▶ _What is expected_
The answer must be every line from the entries below that contains "Stock".

(Input)

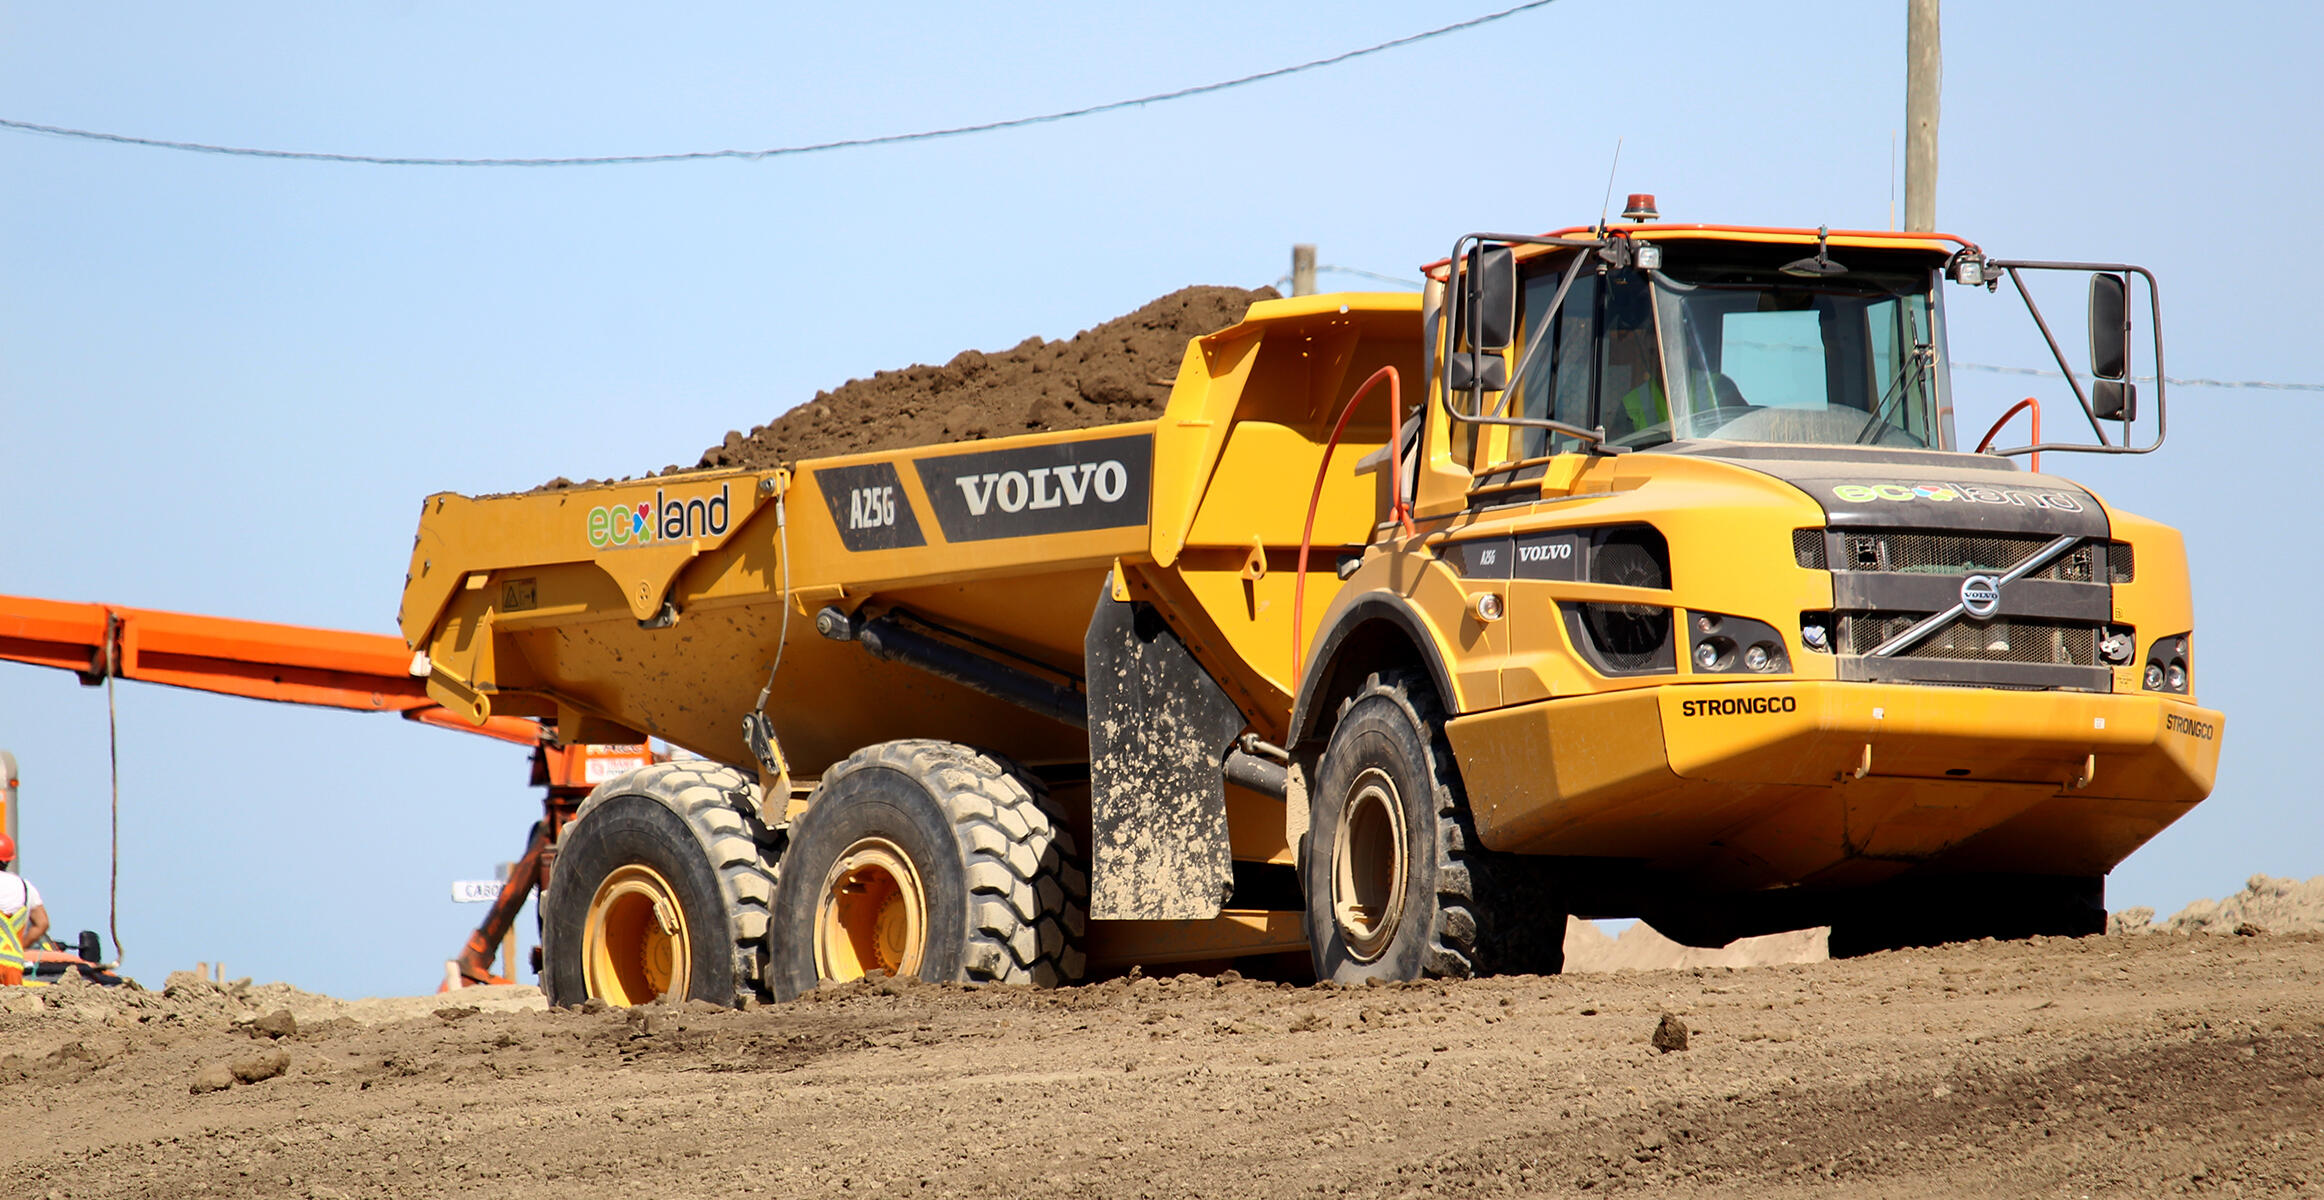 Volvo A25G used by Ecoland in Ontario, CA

(End Input)
(Input)

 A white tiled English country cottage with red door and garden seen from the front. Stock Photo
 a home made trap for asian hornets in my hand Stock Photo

(End Input)

▶ _Result of this task_
 A white tiled English country cottage with red door and garden seen from the front. Stock Photo
 a home made trap for asian hornets in my hand Stock Photo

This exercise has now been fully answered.